### Assignment:
Reproduce the data below exactly as written. Pictures do not belong in the copy.

### Provided data:
§ §

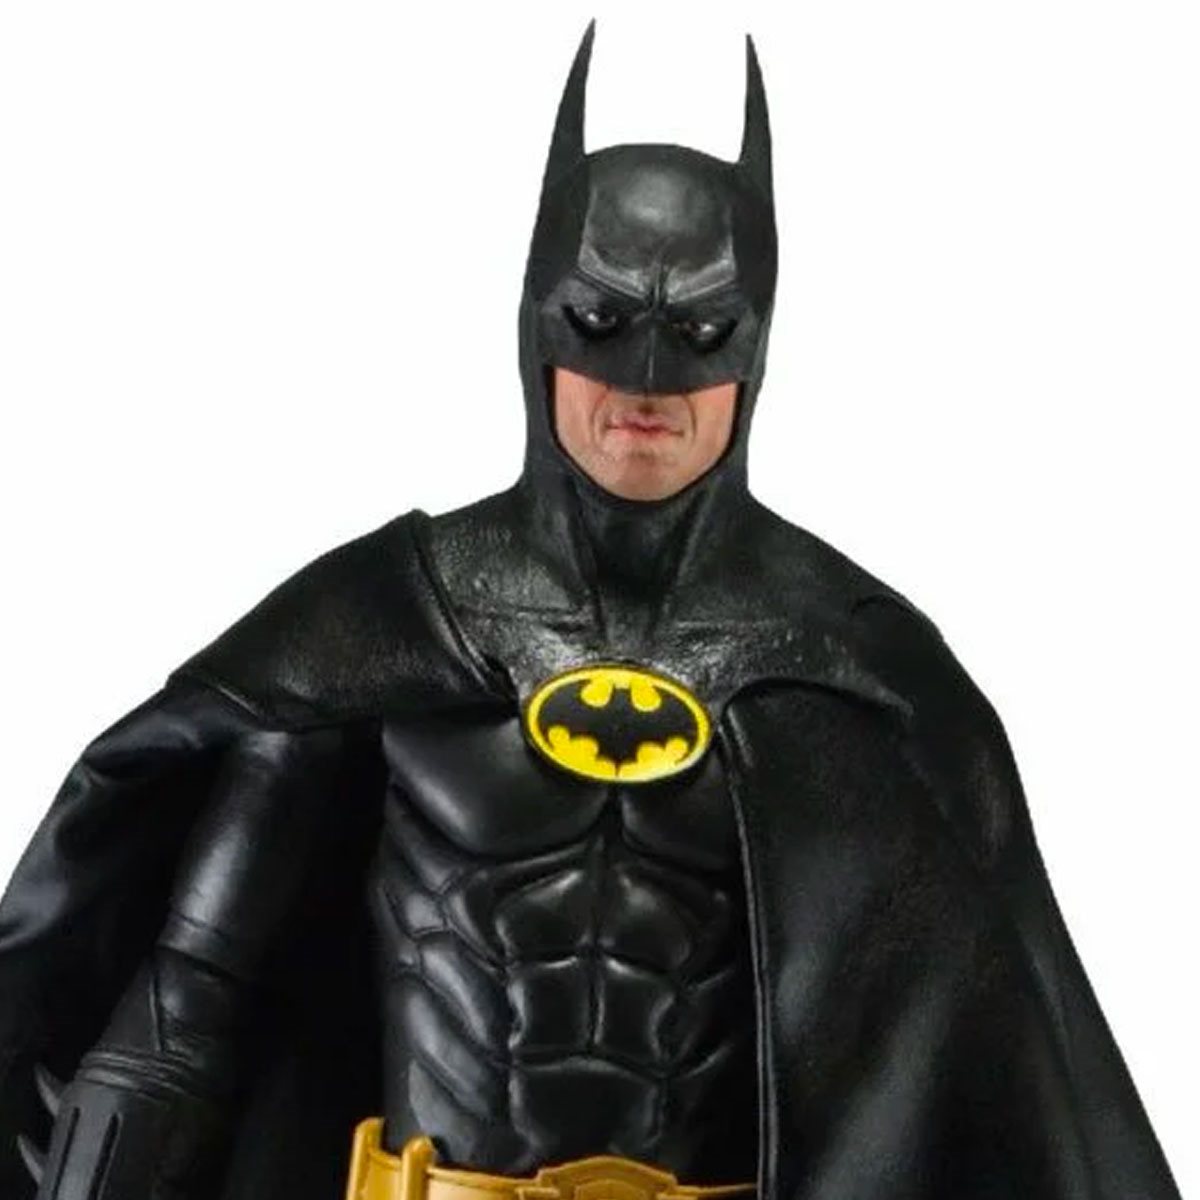 1989 Batman Action Figure - Michael Keaton Batman Action Figure
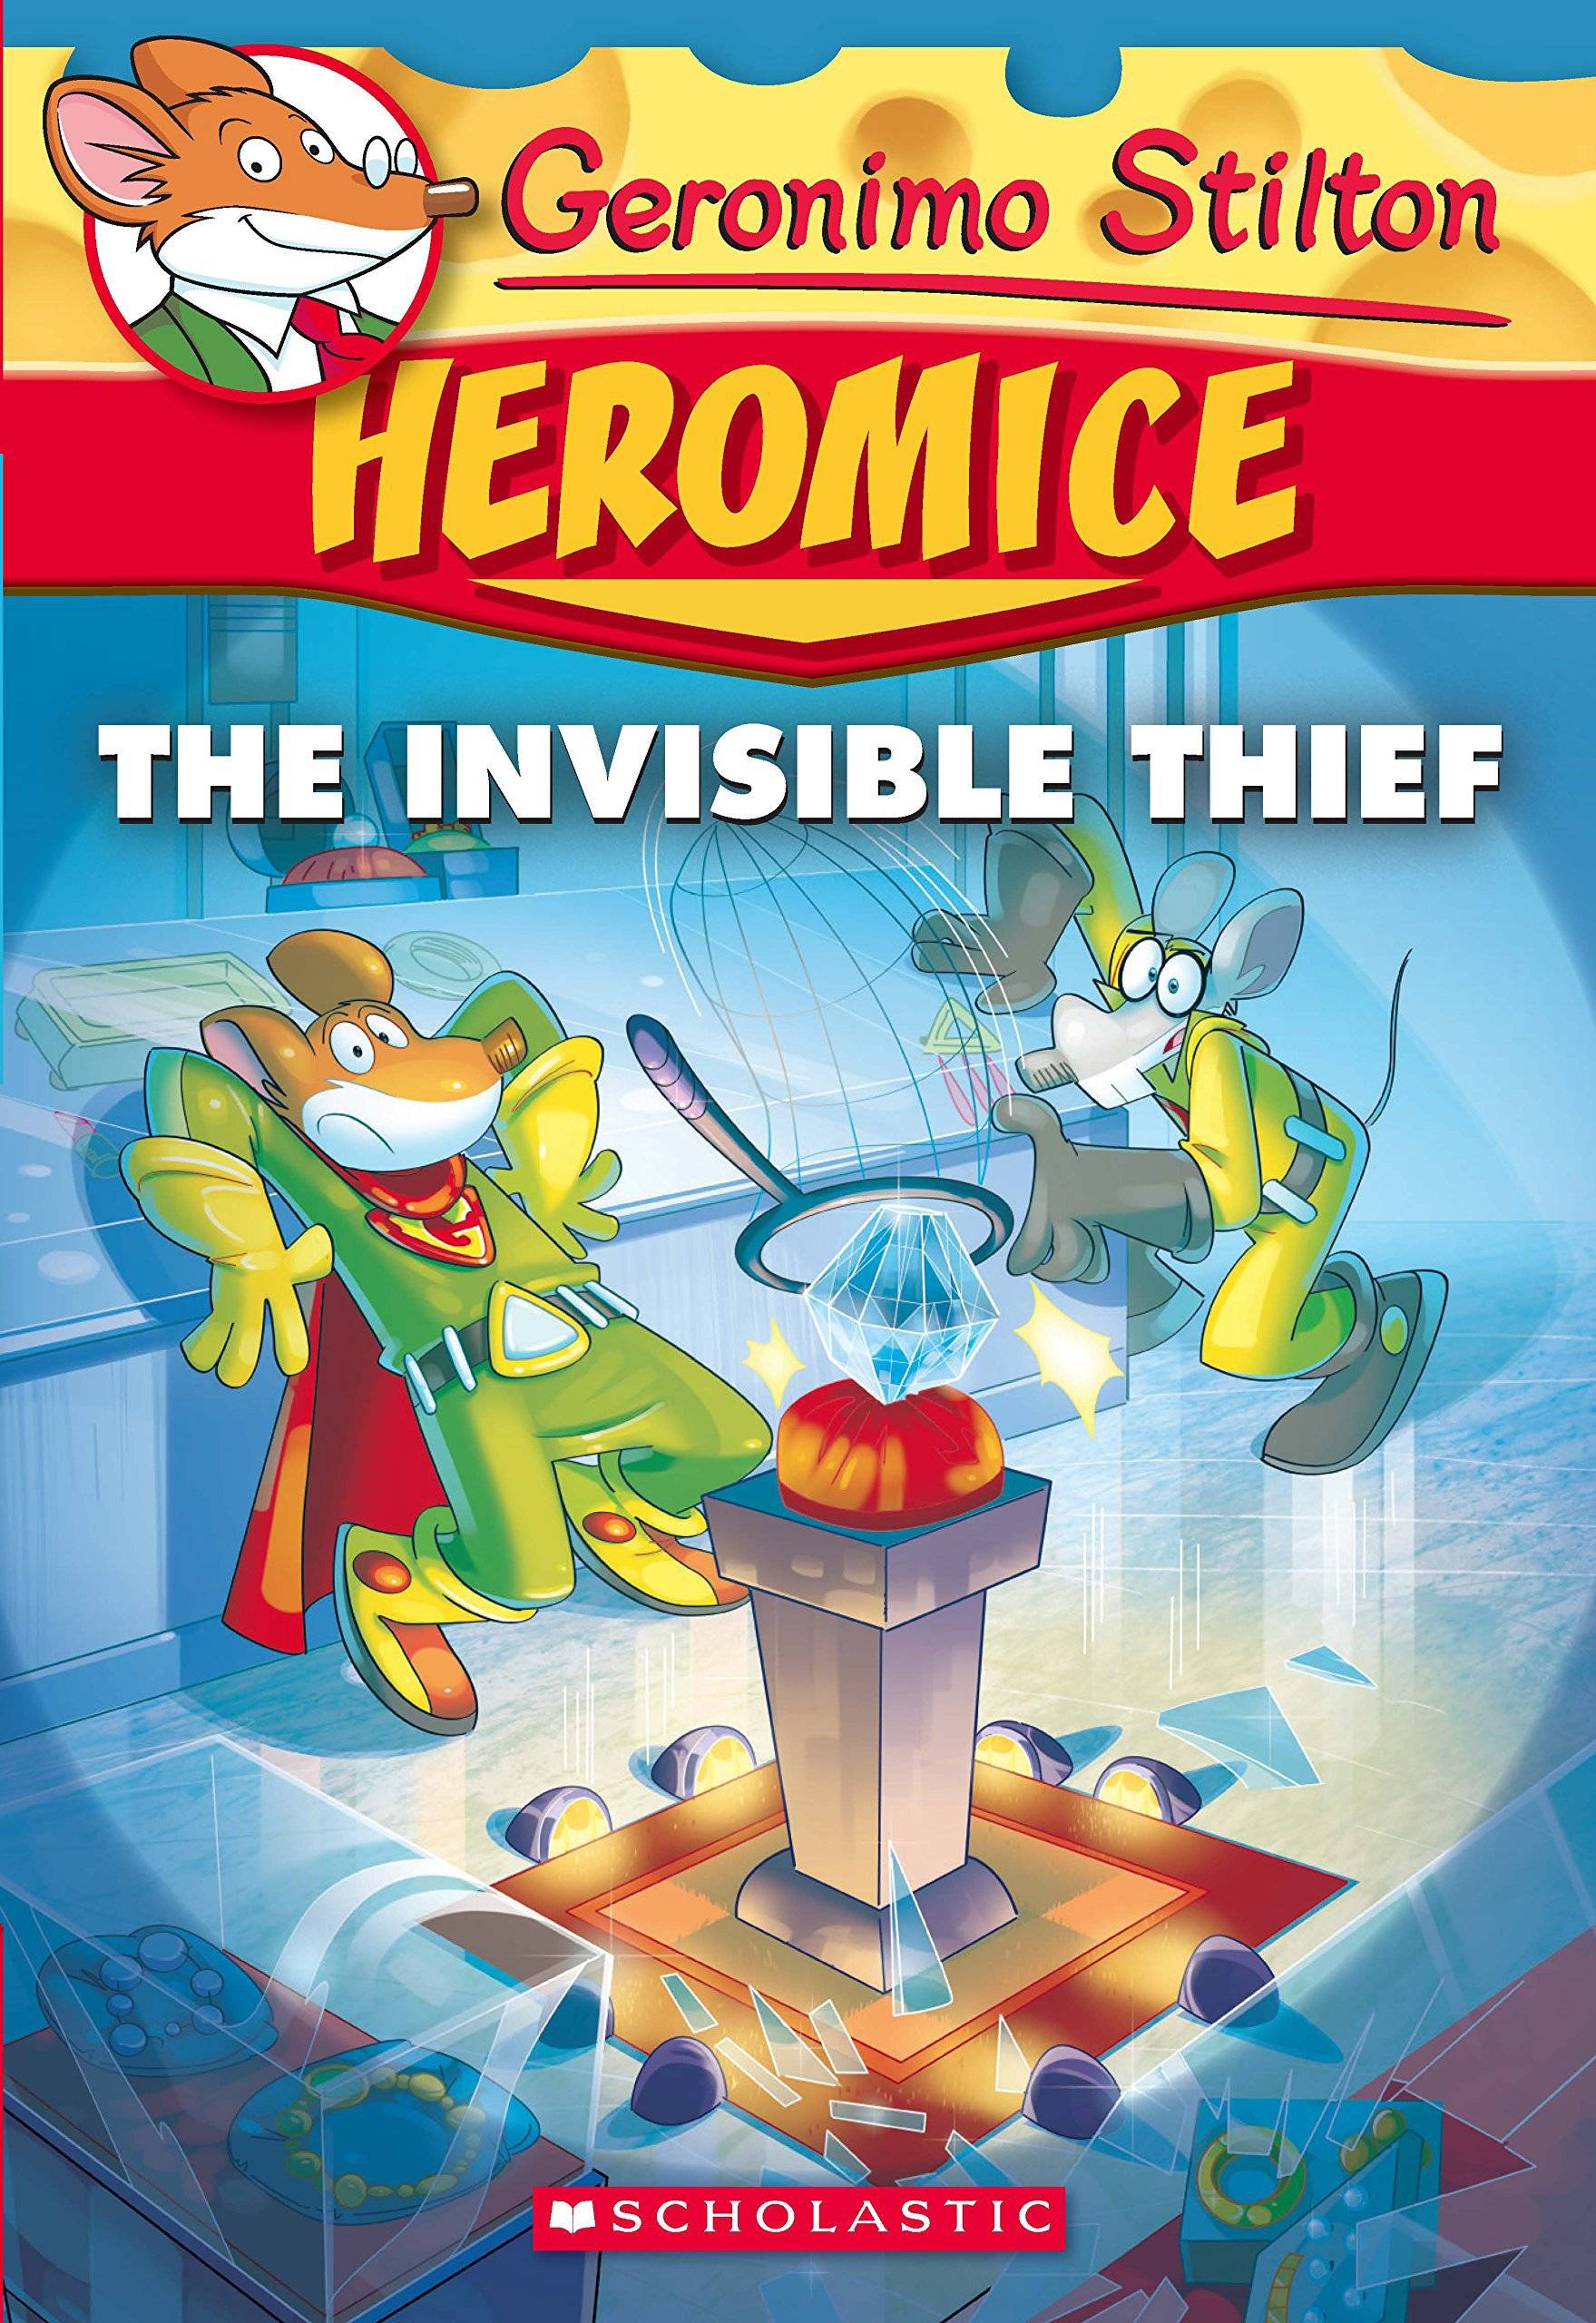 IMG : Geronimo Stilton Heromice the invisible thief
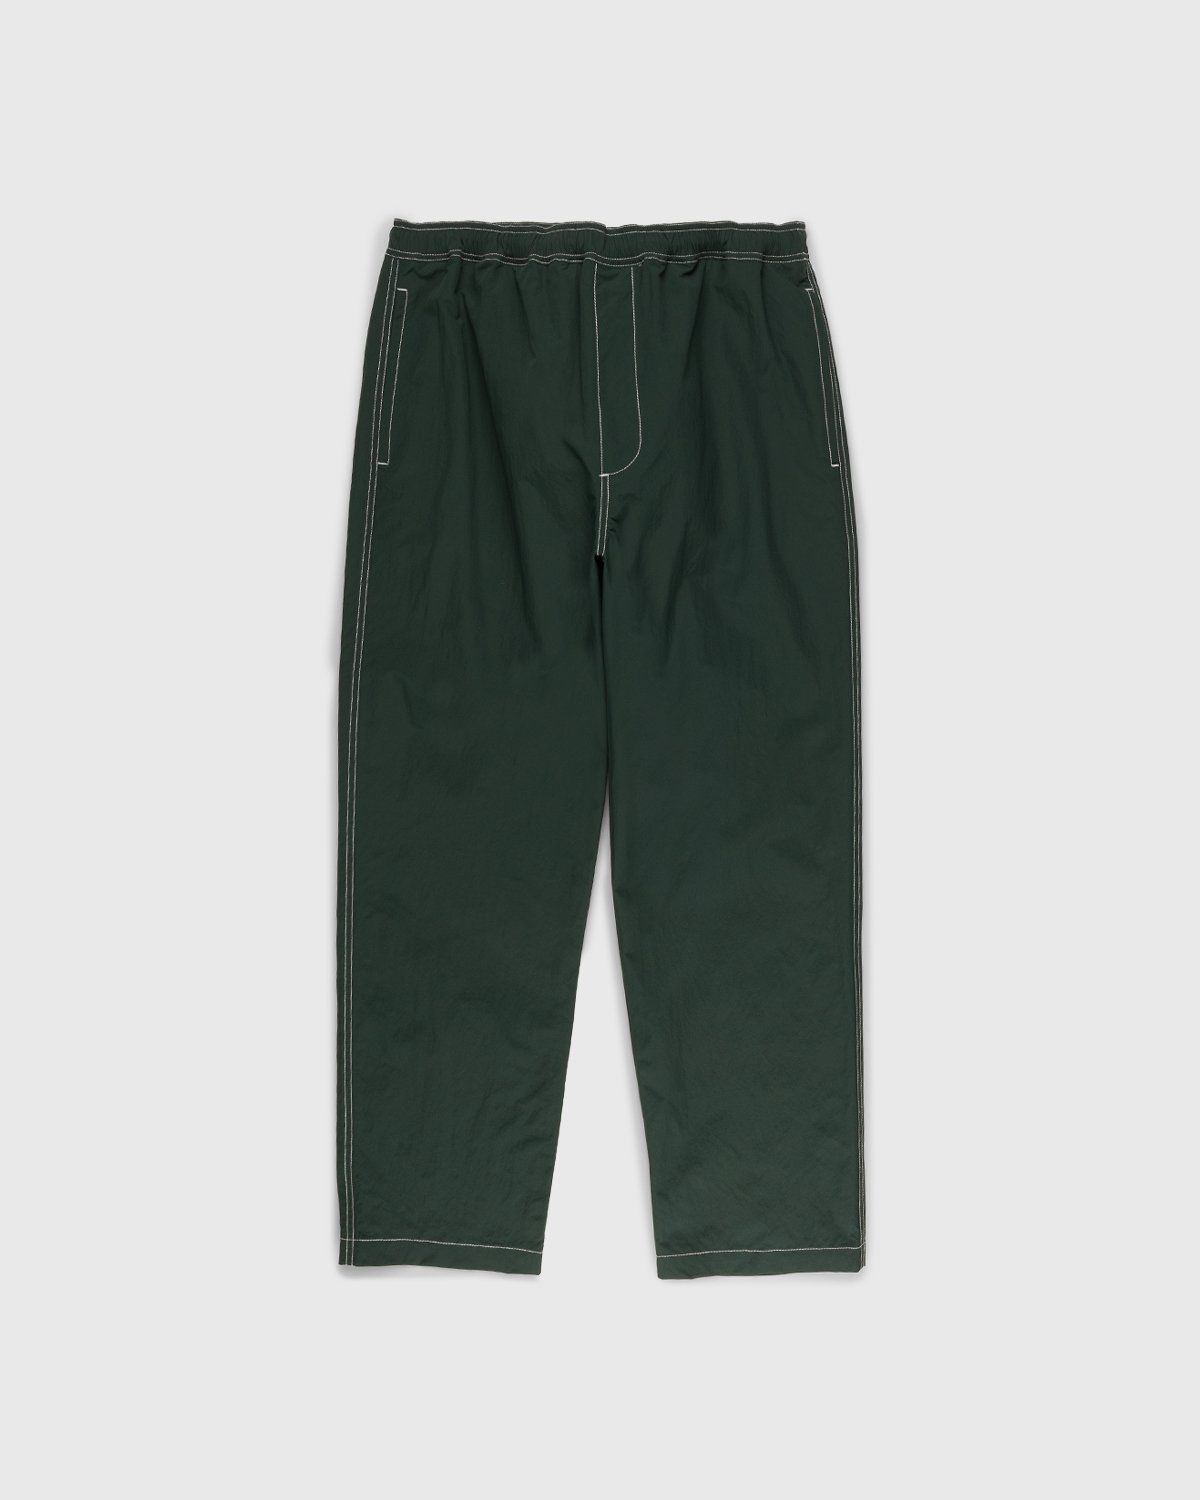 Highsnobiety – Contrast Brushed Nylon Elastic Pants Green - Pants - Green - Image 1
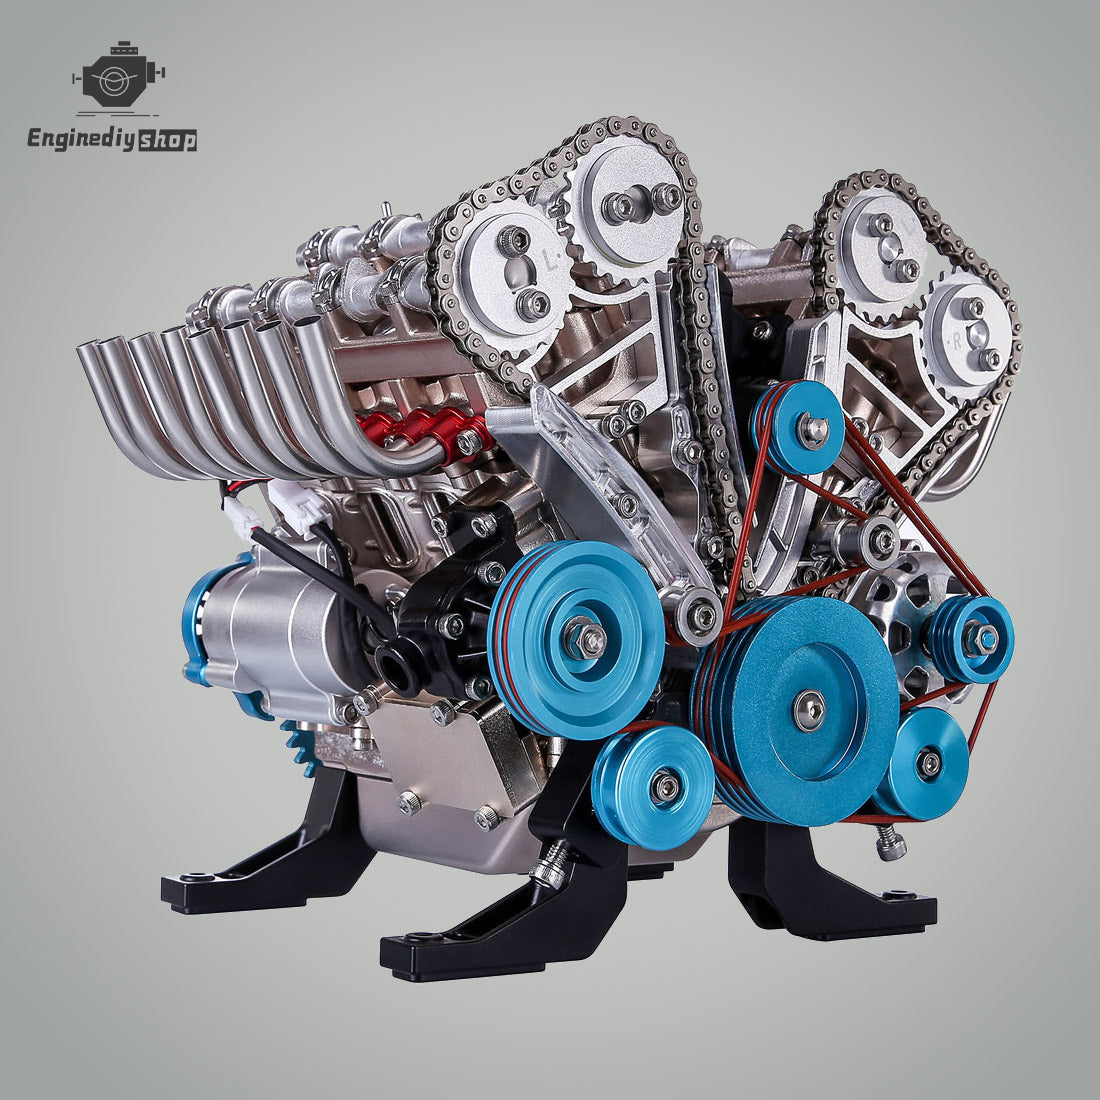 METAL ENGINES——Enginediyshop

§ §

### Solution for this problem:
 1989 Batman Action Figure - Michael Keaton Batman Action Figure
 IMG : Geronimo Stilton Heromice the invisible thief
 Highsnobiety – Contrast Brushed Nylon Elastic Pants Green - Pants - Green - Image 1
 METAL ENGINES——Enginediyshop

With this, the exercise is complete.